“Are Humanistic Pagans building a temple in Iceland?” by John Halstead

If you haven’t heard, the heathen group, Ásatrúarfélagið, has announced that it is building the first pagan temple in that country in 1000 years*Ásatrúarfélagið is the the Icelandic Asatru Association and you can find their page translated by Google here.  You can read The Wild Hunt’s complete coverage of the temple building here.  This is newsworthy for a couple of reasons.  First, Scandinavia was late to convert to Christianity, centuries after the rest of Europe, and is still predominately Christian.  Second, contemporary Pagans have had a very difficult time building temples and community centers.  (See Cara Shulz’s 2-part series at The Wild Hunt on “Building Pagan Temples and Infrastructures”.)

As a Humanistic Pagan, what caught my attention about this story was this statement by Hilmar Orn Hilmarsson, the high priest of the Association:

“I don’t believe anyone believes in a one-eyed man who is riding about on a horse with eight feet. We see the stories as poetic metaphors and a manifestation of the forces of nature and human psychology.”

This statement caught the attention of a lot of other people too, from devotional polytheists who were offended to conservative Christians who were mocking to atheists who were dismissive.  (Even ex-Mormons had opinions about it.)  According to my Google search, this statement has been reprinted over 2,500 so far and it has already been added to the Wikipedia entry on Norse religion!

Rod Dreher, at The American Conservative, has suggested that this news serves as a kind of religious Rorschach test.  Is it …

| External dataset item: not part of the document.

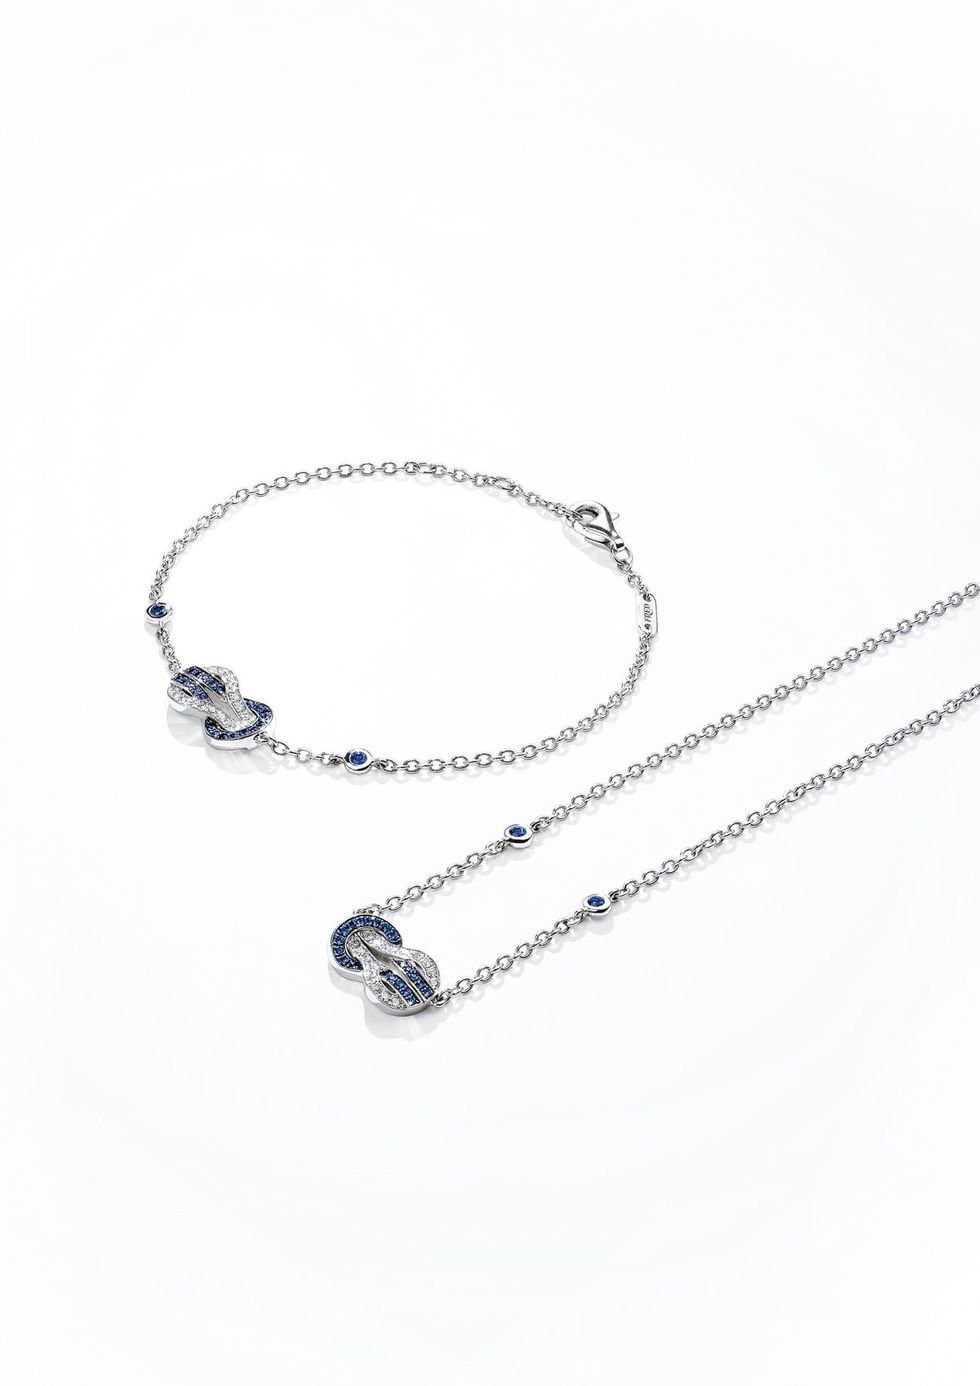 Chain, Fashion accessory, Jewellery, Metal, Silver, Bracelet, Platinum, Necklace, Anklet, 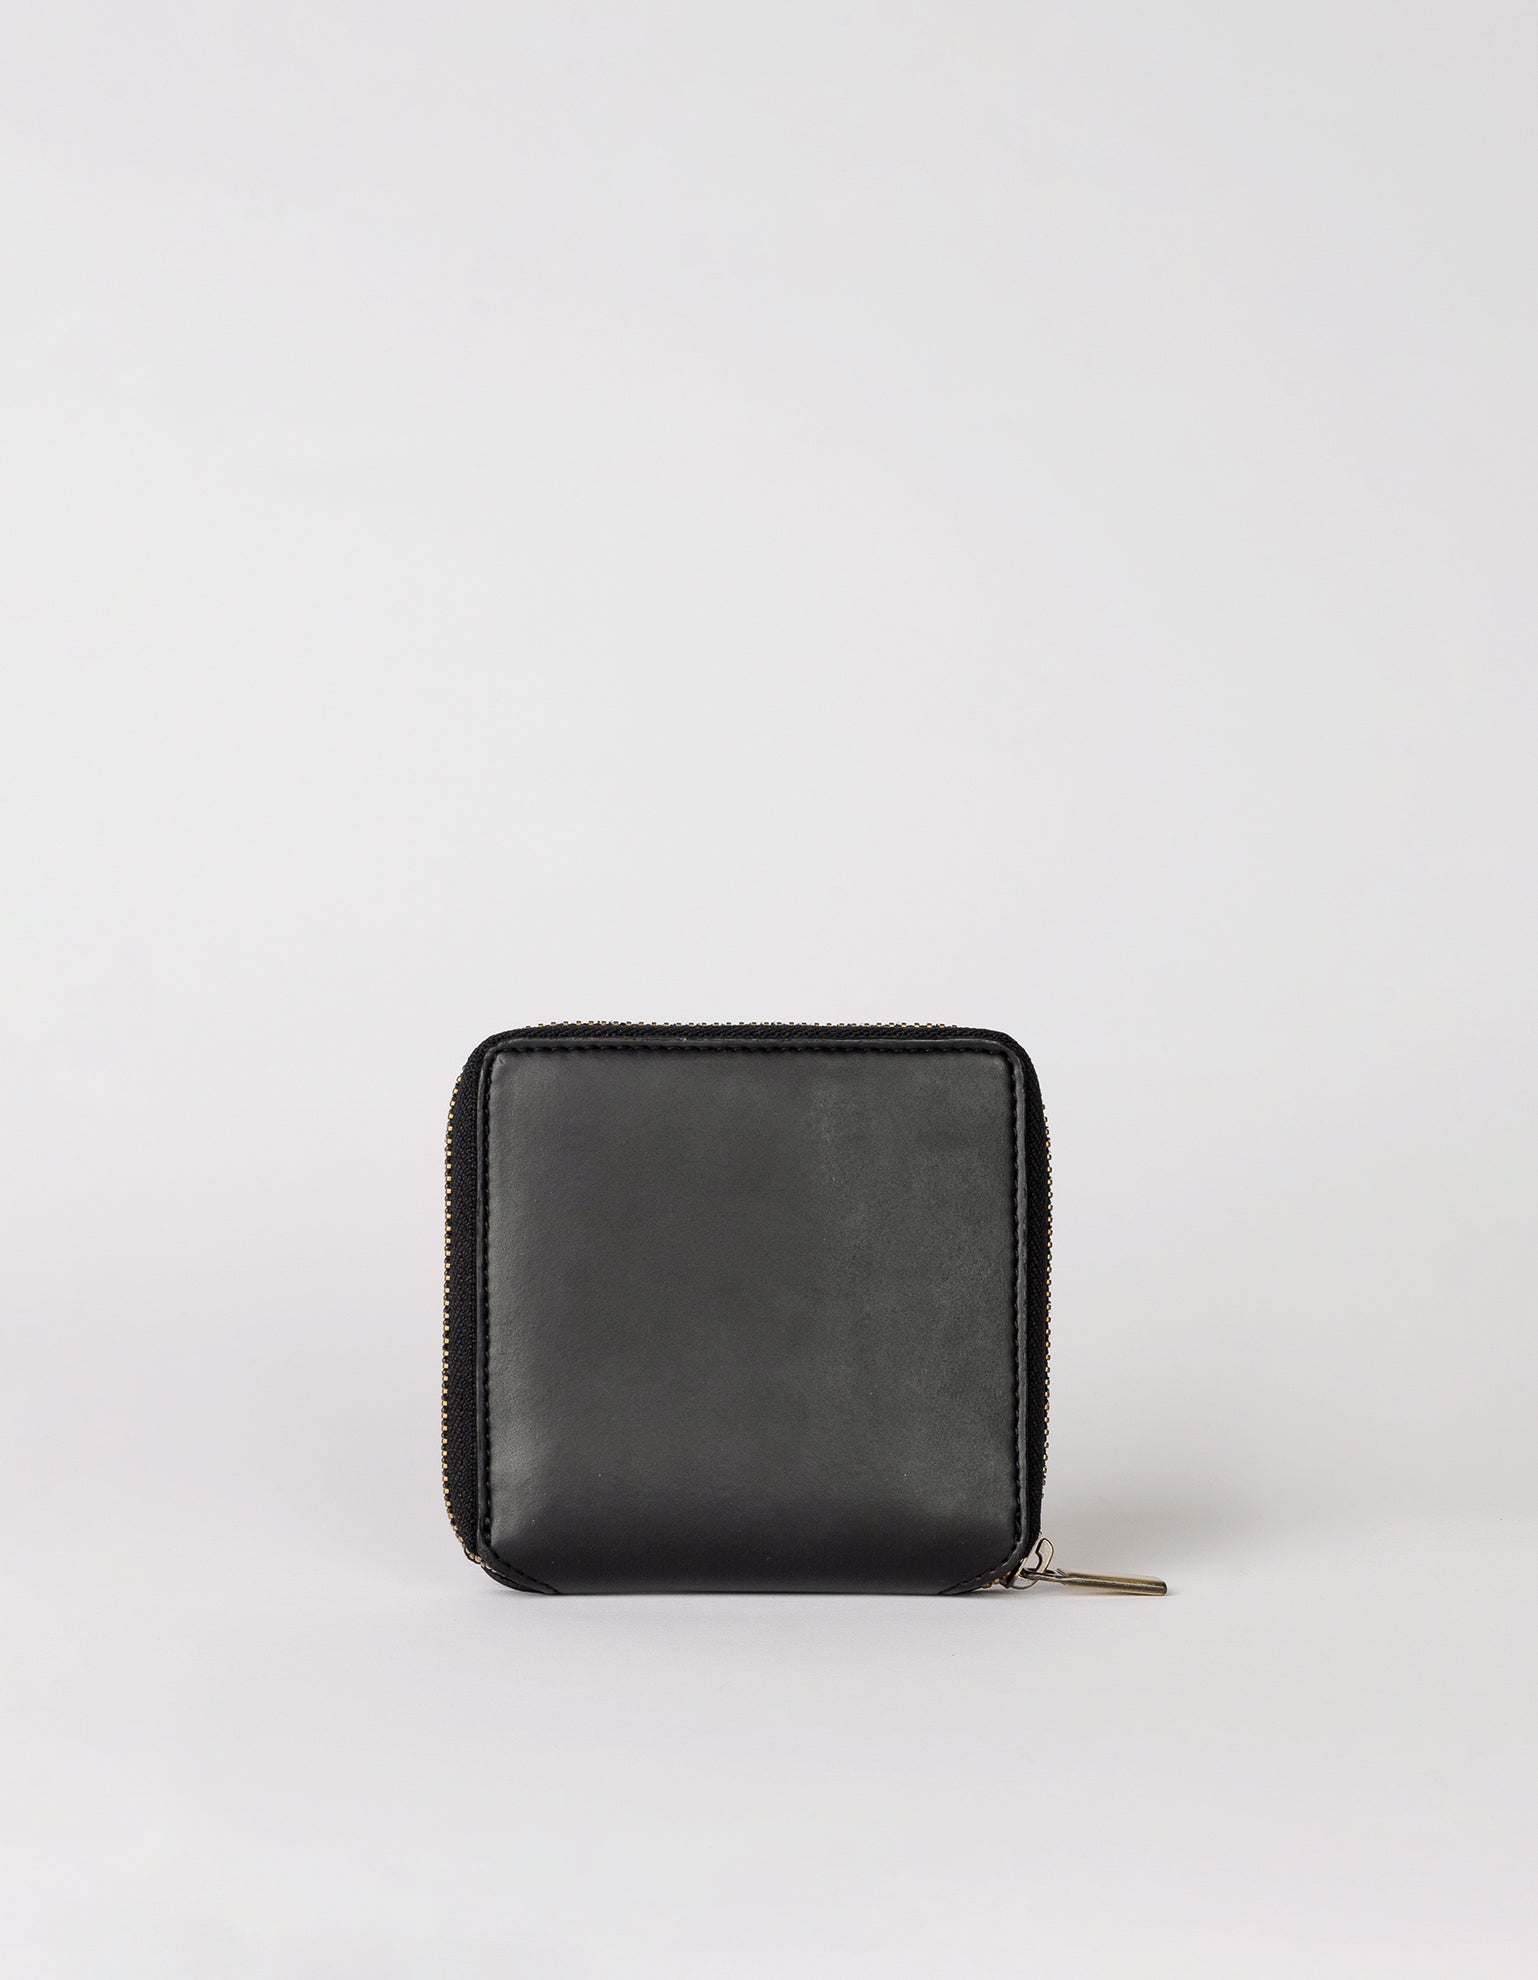 Sonny Square Wallet - Black Apple Leather - back product image

  1. Bad news: the Icelanders have lost their Christian faith, and are now in danger of reverting to the worship of false gods;
  2. Bad news: just when the Icelanders finally seem to be getting Christianity out of their system, some are even going back to an even dumber form of belief in the supernatural;
  3. Good news: because paganism is true, or at least more true than the Christianity and the secularism it supplants;
  4. Moderately bad news: it’s a shame they’re going to paganism, but at least it’s a modernist, liberal version of paganism, without any of the sacrifices, and without anybody really believing in the supernatural; these are just people playing games; nothing will come of it;
  5. Moderately good news: paganism is false, but as C.S. Lewis saw, it is more true than atheistic materialism; the pagan, whatever his errors, understands what the modern materialist does not: that the world is shot through with spirit and divinity; perhaps Europe must be re-paganized to some degree before it can be re-Christianized;
  6. Something else?

I saw this as potentially very good news.  I was excited by the possibility that a project this momentous was being spearheaded by religious humanists.  But before I claimed Hilmar and his folk as one of our own, I decided to do some further digging.  According to Wikipedia (that’s always a bad way to begin a statement), Ásatrúarfélagið is non-creedal and the personal beliefs of its high-priests have ranged from what I would call a tepid theism to pantheism (algyðistrú):

“My faith is based on a constant search but I don’t search frantically. It’s no use to rush out into space to search for some gods there, if they want to have anything to do with me, they will come. I have often become aware of them, but I don’t rush after them or shout at them. I have gotten to know them a bit in myself and also in other people.” — Sveinbjörn Beinteinsson

“The best way to do that [practice Ásatrú or heathenry], in my opinion, is to be self-consistent, live in harmony with nature, associate with it with respect and to submit to the public order. … The gods shape the dwelling places of people, the earth and the solar system out of the material that already exists. To that extent we can look on the forces of nature as the gods themselves and to a large extent that is what people did in antiquity.” — Jörmundur Ingi Hansen

“Ásatrú is a pantheistic belief. The earth, the air and the water has great value to us. We are a part of the earth and not its masters.” — Jónína K. Berg

“I believe in a higher power which appears to us in the multiplicity of nature and of human life.” — Hilmar Örn Hilmarsson

Next, I found a report on the Facebook page for the Heathen journal, Óðrœrir, which claimed that Hilmar’s statement was taken out of context.  The report was by Josh Rood, the founder of Óðrœrir and a member of Ásatrúarfélagið:

An update for people who were upset by the quote in the recent article by Hilmar Hilmarsson, Alsherjargoði of Ásatrúarfélagið in Iceland, in which he supposedly said “We see the stories as poetic metaphors and a manifestation of the forces of nature and human psychology.”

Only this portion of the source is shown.